Оглядываюсь — и как раз вовремя. У высокой бровки напротив церкви останавливается шевроле.

Неужели они напали на мой след?

Локтем резко ударяю в живот ближайшего человека в маске. Когда он рефлекторно сгибается от боли, срываю с него маску, напяливаю на себя и скрываюсь в толпе. Пробиваюсь в самую гущу. Теперь течение толпы само несет меня в церковь. Кто-то подносит к моему рту бутылку с касфой — самодельной водкой из семян сорго, кукурузы и земляного ореха. Машинально делаю глоток-другой. Огненная жидкость обжигает гортань. Движение головой — и бутылка уходит от губ.

В голове начинает шуметь от криков, визга, от нескольких глотков касфы. Если еще вспомнить, как ее делают, как акдайские женщины пережевывают орехи и выплевывают кашицу в котел, где она будет бродить, — может стошнить. Но мне сейчас нельзя ни на миг отвлекаться. Я должен помнить, что секунда забытья может оказаться последней в моей жизни. Даже легкое опьянение для меня опасно.

С улицы доносятся свист дудок и удары тамтамов. Кто-то рядом со мной подвывает в такт. Я чувствую, как, помимо воли, мною овладевает ритм какой-то дикой пляски, как сначала вздрагивает, а затем вихляется мое тело.

Стоп, говорю я себе. Ты же цивилизованный человек, ты был одним из крупнейших ученых своего времени, не уподобляйся дикарю, метису. Пока тебе не изменили утонченность и трезвость мышления, ты можешь спастись от гончих. Но берегись, если поддашься опьянению! Тебя схватят либо полиция, либо люди Поводыря, либо шпики какой-нибудь иностранной разведки.
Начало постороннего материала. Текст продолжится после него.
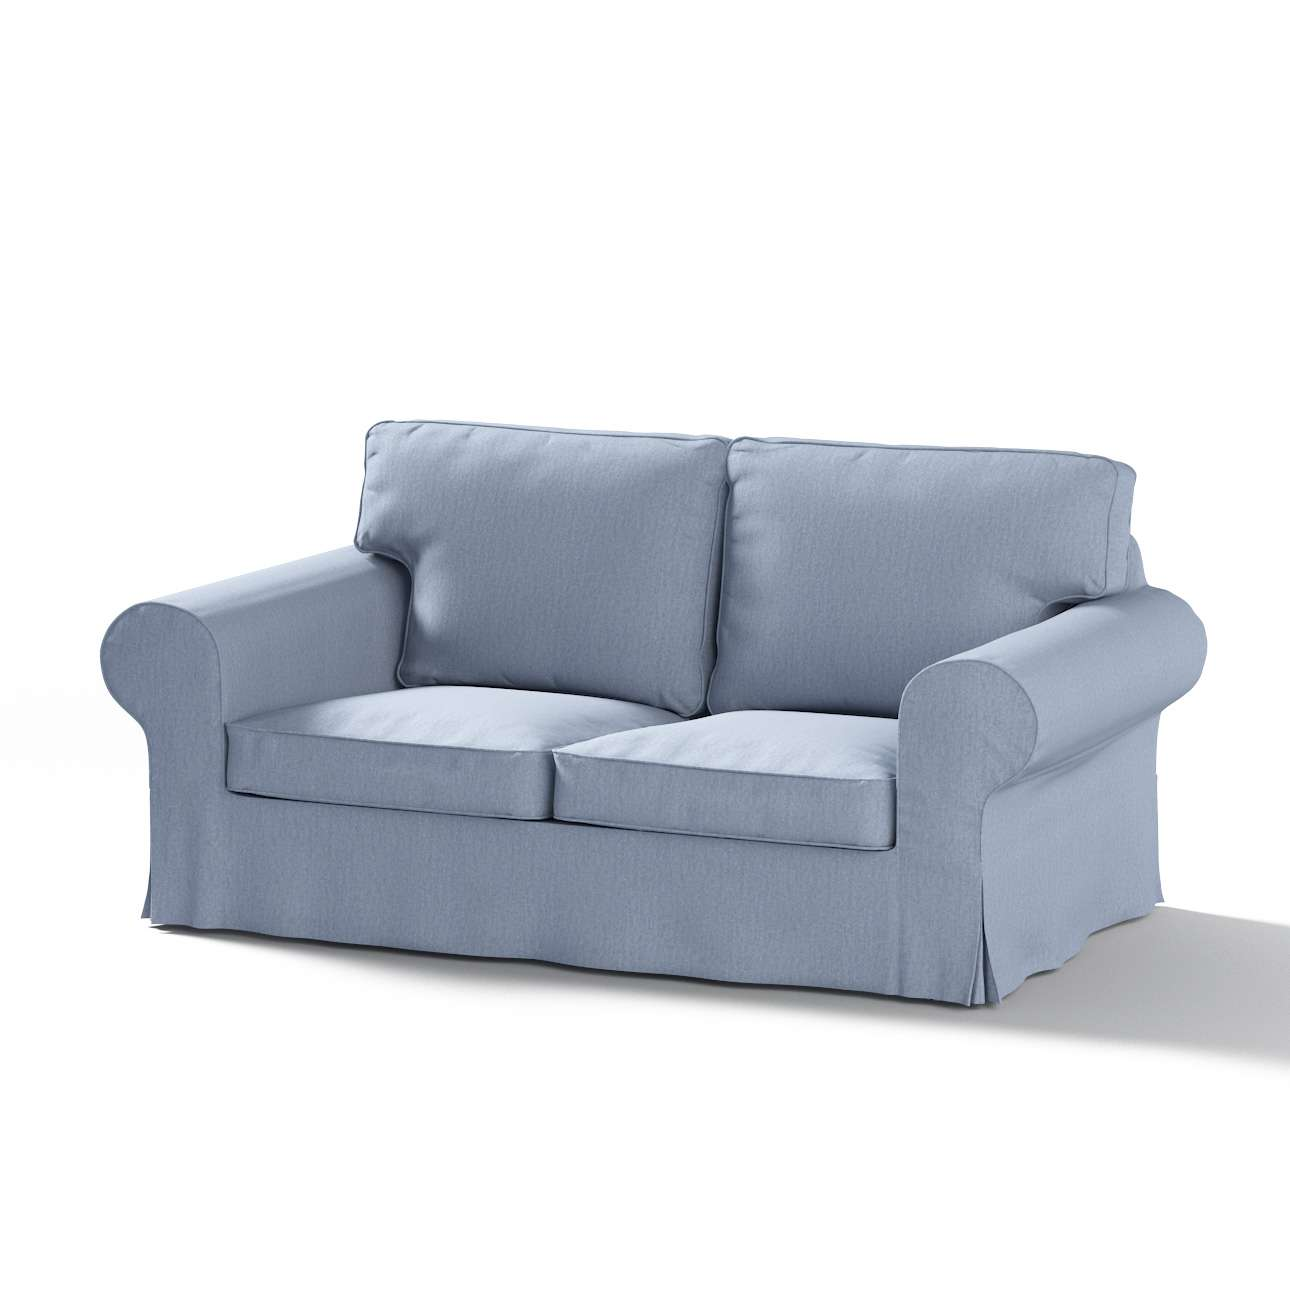 Pokrowiec na sofę Ektorp 2-osobową rozkładaną, model po 2012 w kolekcji Chenille, tkanina: 702-13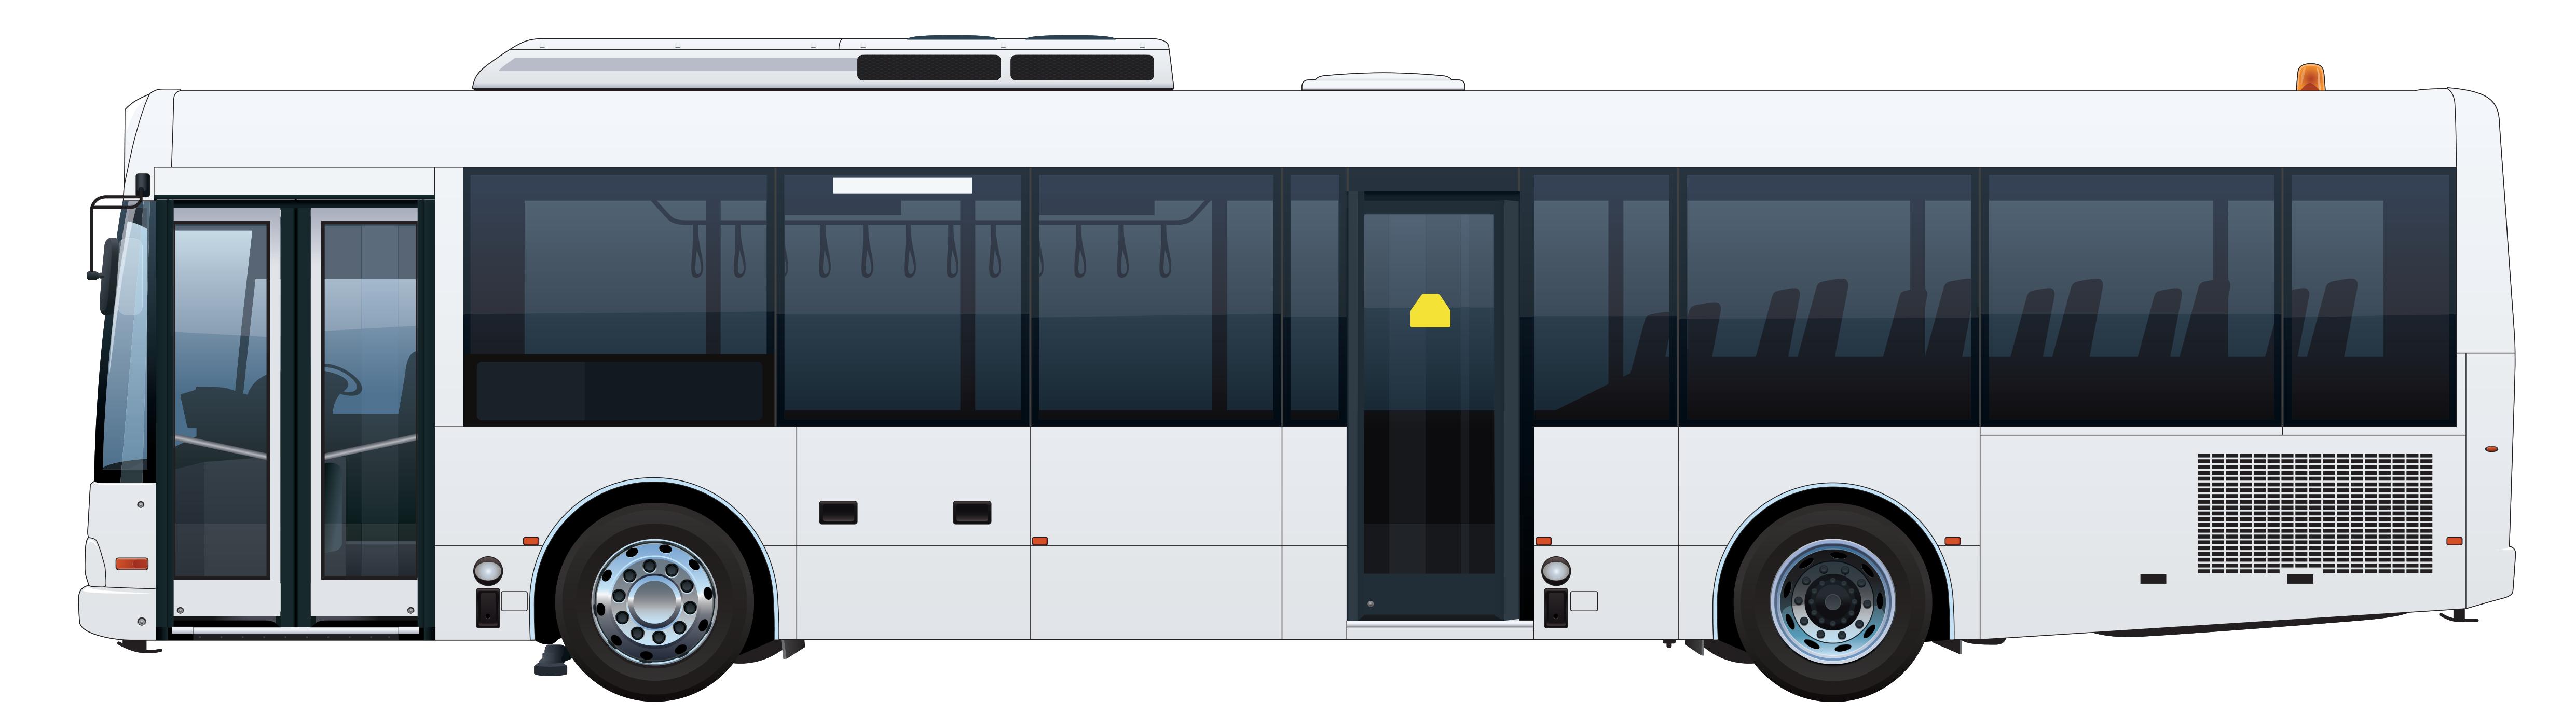 Clipart bus land transport. Png best web

Одним ты нужен живой, другим — мертвый, но все они дорого дадут, чтобы заполучить такую дичь. Лучше, если тебя убьют сразу, но еще лучше, если и на этот раз сумеешь ускользнуть от своры преследователей. Ты всегда умел уходить из западни — сумей и сейчас. Разве торжество победы не слаще минуты опьянения и забытья?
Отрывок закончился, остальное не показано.